The elder was silent. He had never known his wife to relent on any occasion after she had affirmed her intention, supplemented with “as sure as my name is Hannah Brown.” It was her way of swearing. No affidavit would have had half the claim upon her as that simple enunciation.
So back to town went Elder Brown, not in the order of the early morn, but silently, moodily, despairingly, surrounded by mental and actual gloom.
The old man had turned a last appealing glance upon the angry woman, as he mounted with Aleck’s assistance, and sat in the light that streamed from out the kitchen window. She met the glance without a waver.
“She means it, as sure as my name is Elder Brown,” he said, thickly. Then he rode on.
IV
To say that Elder Brown suffered on this long journey back to Macon would only mildly outline his experience. His early morning’s fall had begun to make itself felt. He was sore and uncomfortable. Besides, his stomach was empty, and called for two meals it had missed for the first time in years.

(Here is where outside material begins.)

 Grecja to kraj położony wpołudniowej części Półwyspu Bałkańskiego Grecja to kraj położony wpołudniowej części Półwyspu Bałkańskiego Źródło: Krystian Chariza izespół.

When, sore and weary, the elder entered the city, the electric lights shone above it like jewels in a crown. The city slept; that is, the better portion of it did. Here and there, however, the lower lights flashed out into the night. Moodily the elder pursued his journey, and as he rode, far off in the night there rose and quivered a plaintive cry. Elder Brown smiled wearily: it was Balaam’s appeal, and he recognized it. The animal he rode also recognized it, and replied, until the silence of the city was destroyed. The odd clamor and confusion drew from a saloon near by a group of noisy youngsters, who had been making a night of it. They surrounded Elder Brown as he began to transfer himself to the hungry beast to whose motion he was more accustomed, and in the “hail fellow well met” style of the day began to bandy jests upon his appearance. Now Elder Brown was not in a jesting humor. Positively he was in the worst humor possible. The result was that before many minutes passed the old man was swinging several of the crowd by their collars, and breaking the peace of the city. A policeman approached, and but for the good-humored party, upon whom the elder’s pluck had made a favorable impression, would have run the old man into the barracks. The crowd, however, drew him laughingly into the saloon and to the bar. The reaction was too much for his half-rallied senses. He yielded again. The reviving liquor passed his lips. Gloom vanished. He became one of the boys.

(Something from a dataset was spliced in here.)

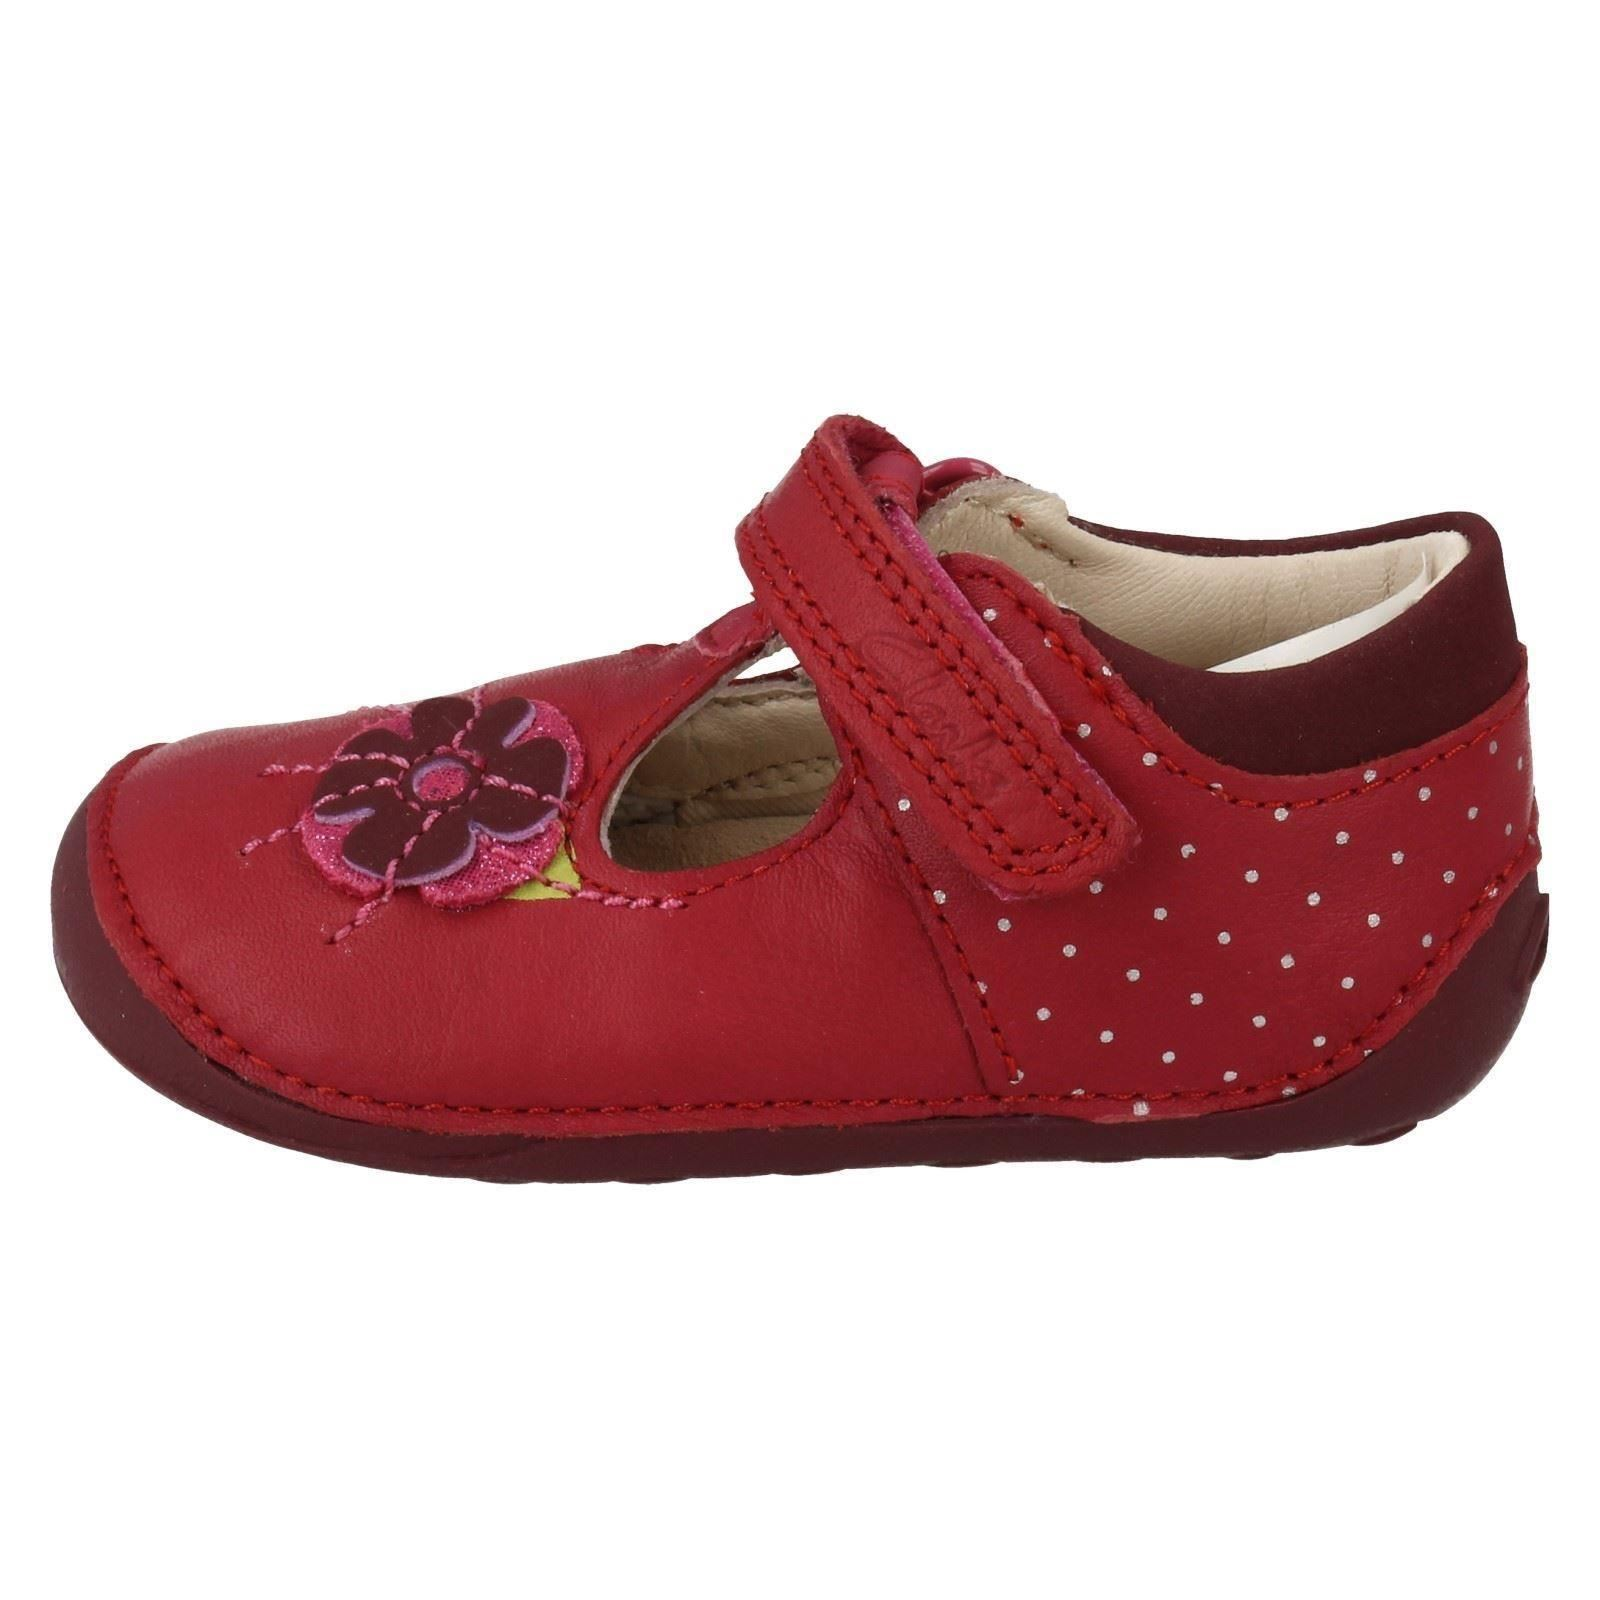 Girls Clarks Shoes - Little Poppy

The company into which Elder Brown had fallen was what is known as “first-class.” To such nothing is so captivating as an adventure out of the common run of accidents. The gaunt countryman, with his battered hat and clawhammer coat, was a prize of an extraordinary nature. They drew him into a rear room, whose gilded frames and polished tables betrayed the character and purpose of the place, and plied him with wine until ten thousand lights danced about him. The fun increased. One youngster made a political speech from the top of the table; another impersonated Hamlet; and finally Elder Brown was lifted into a chair, and sang a camp-meeting song. This was rendered by him with startling effect. He stood upright, with his hat jauntily knocked to one side, and his coat tails ornamented with a couple of show-bills, kindly pinned on by his admirers. In his left hand he waved the stub of a cigar, and on his back was an admirable representation of Balaam’s head, executed by some artist with billiard chalk.
As the elder sang his favorite hymn, “I’m glad salvation’s free,” his stentorian voice awoke the echoes. Most of the company rolled upon the floor in convulsions of laughter.
The exhibition came to a close by the chair overturning. Again Elder Brown fell into his beloved hat. He arose and shouted: “Whoa, Balaam!” Again he seized the nearest weapon, and sought satisfaction. The young gentleman with political sentiments was knocked under the table, and Hamlet only escaped injury by beating the infuriated elder into the street.